Those involved in matrimonial disputes cannot seek any relief from family courts pertaining to properties held in the names of their children, the Bombay high court ruled on Wednesday.
“The Hindu Marriage Act cannot apply to any proceeding between the father and the son, except for matters relating to custody and access, and maintenance and education of the children,” observed a single judge bench of justice Roshan Dalvi.
The court noted that though family courts are empowered to pass orders regarding disputed properties owned by spouses jointly or singly, in the case at hand, which involved a couple married way in November 1972 at Kobe in Japan, there was no dispute about the properties between the warring spouses.
“The family court’s jurisdiction requires a dispute between the husband and wife with regard to their marital status, including child custody or child maintenance,” justice Dalvi observed.
The court held that the family court could not assume jurisdiction in absence of any such matrimonial dispute and merely pass an order about distribution of the properties.

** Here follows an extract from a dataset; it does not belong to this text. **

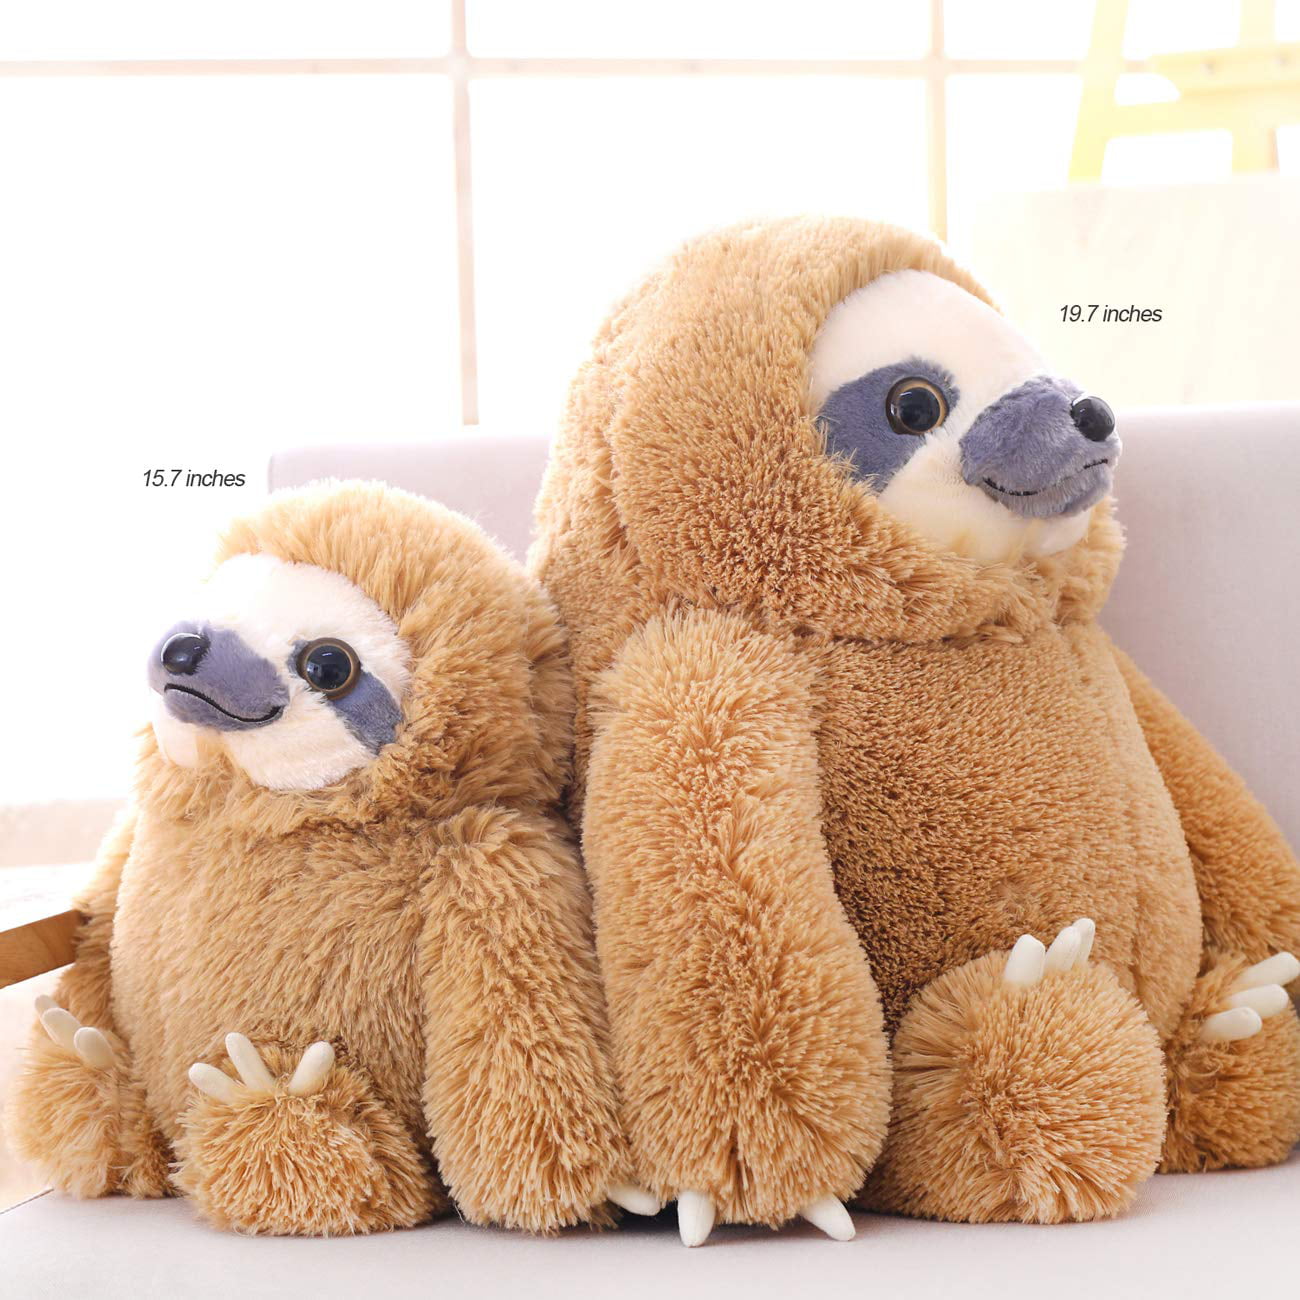 Bear Small Boyle Craftholic Rainy Sloth Stuff Toy Children Gift Plushie

The court was hearing a petition filed by the wife challenging the Bandra family court’s decision of June 2004 that it had the jurisdiction to try her husband’s divorce petition under the Hindu Marriage Act.
The couple’s had registered their marriage under provisions of the Foreign Marriage Act.
She had also challenged the family court’s decision to appoint a commission for taking stock of all properties belonging to the couple and their two children. Justice Dalvi allowed her appeal and set aside the rulings and directions of the family court.
The high court held that divorce petition under provisions of the Hindu Marriage Act cannot be entertained if the marriage was registered under the Foreign Marriage Act.